• _Data section_:

=== Begin Enclosure ===

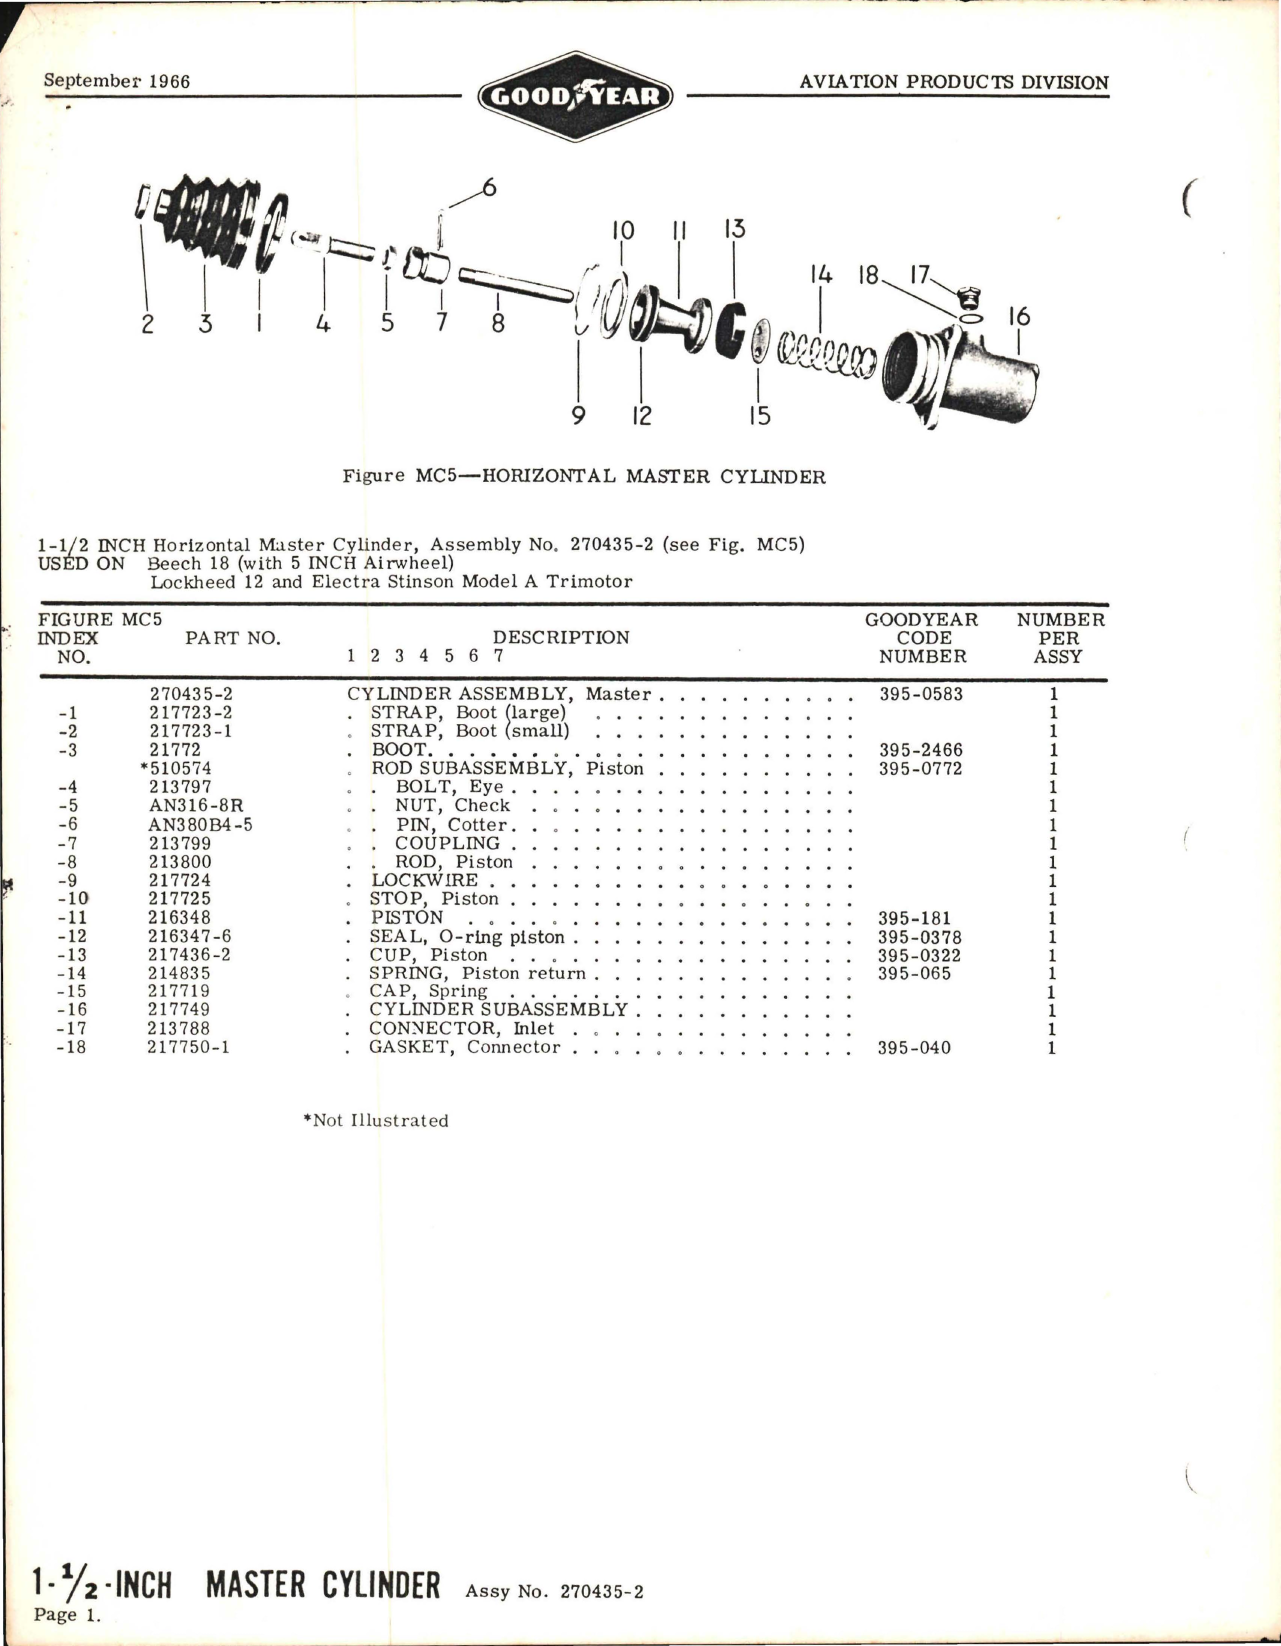 Sample page 1 from AirCorps Library document: Horizontal Master Cylinder
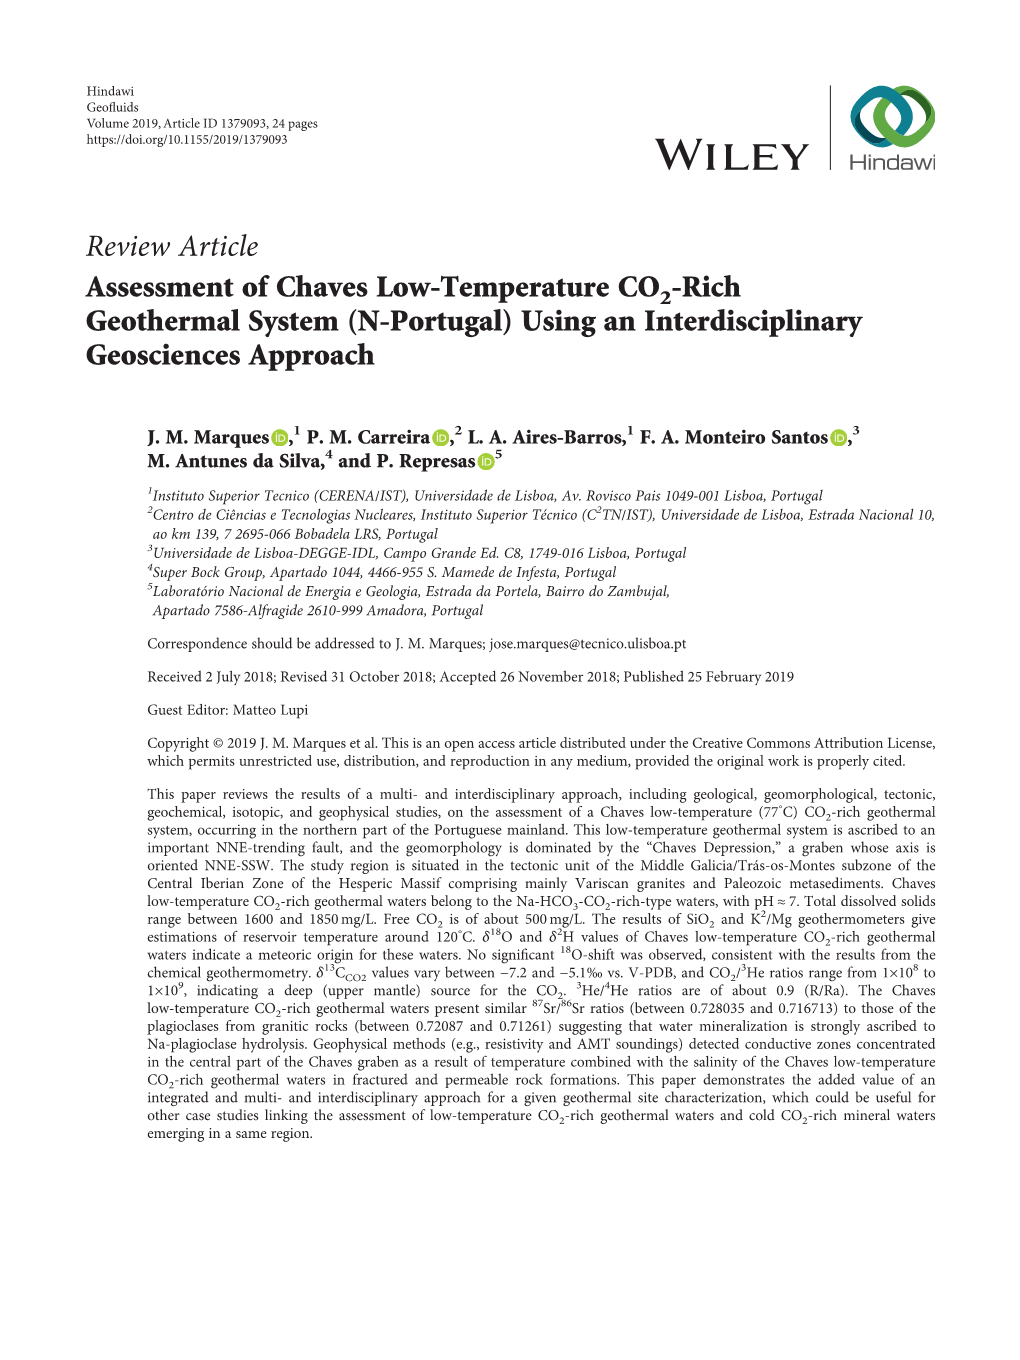 Assessment of Chaves Low-Temperature CO2-Rich Geothermal System (N-Portugal) Using an Interdisciplinary Geosciences Approach
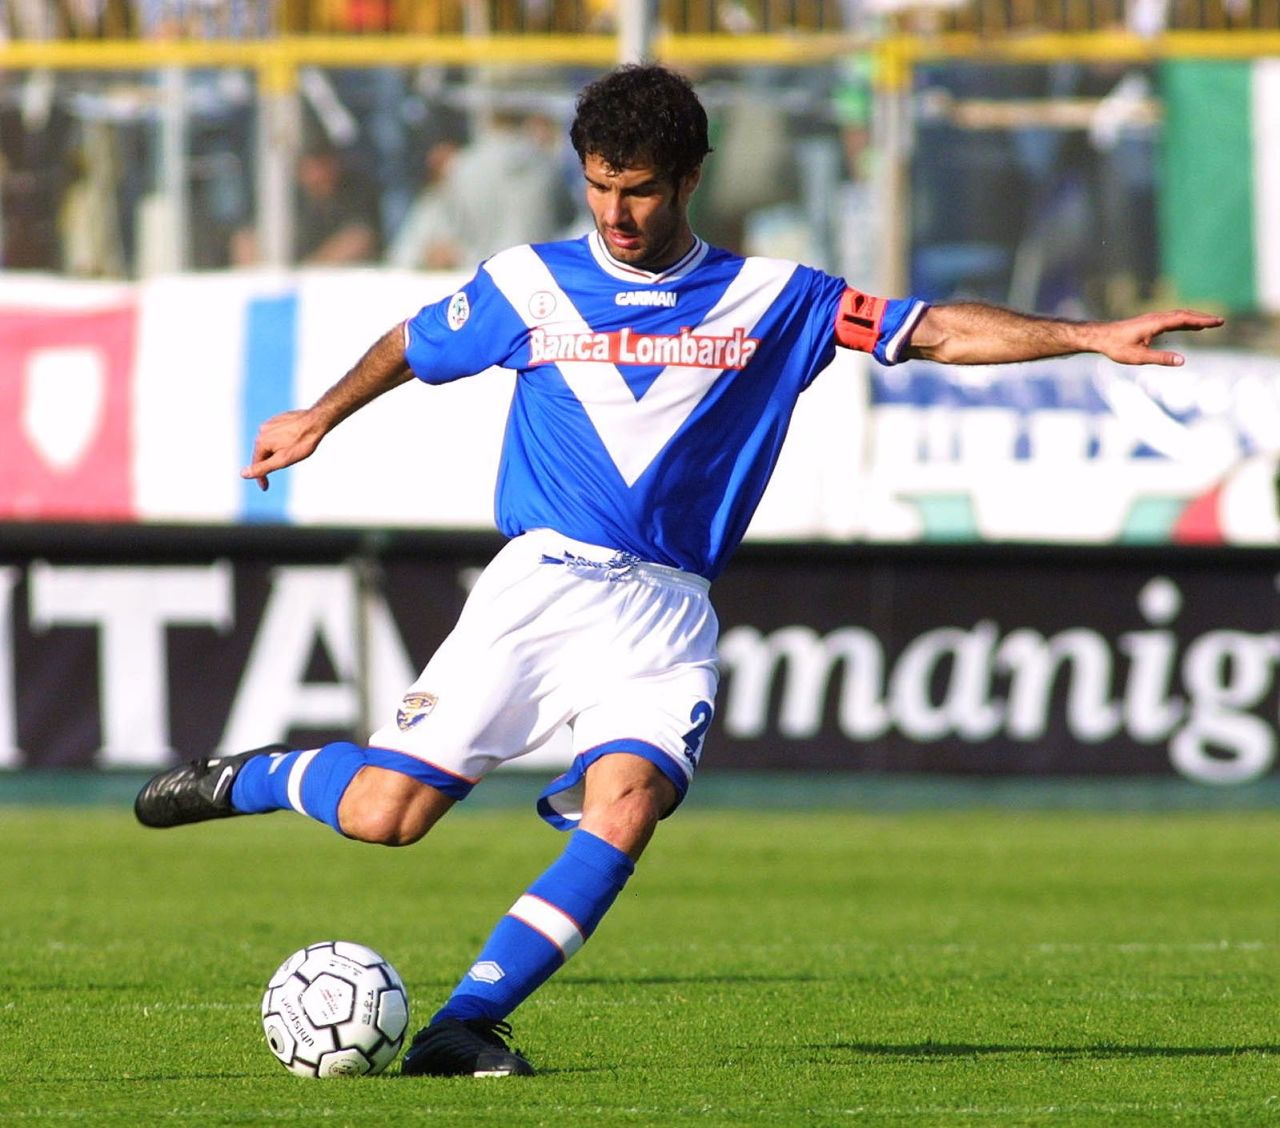 He had two spells at Serie A side Brescia either side of a brief time at Roma, and is pictured playing against Perugia in 2002.

=== End Enclosure ===

Retype the listing above exactly, pictures excluded.

 Sample page 1 from AirCorps Library document: Horizontal Master Cylinder
 Assessment of Chaves Low-Temperature CO2-Rich Geothermal System (N-Portugal) Using an Interdisciplinary Geosciences Approach
 He had two spells at Serie A side Brescia either side of a brief time at Roma, and is pictured playing against Perugia in 2002.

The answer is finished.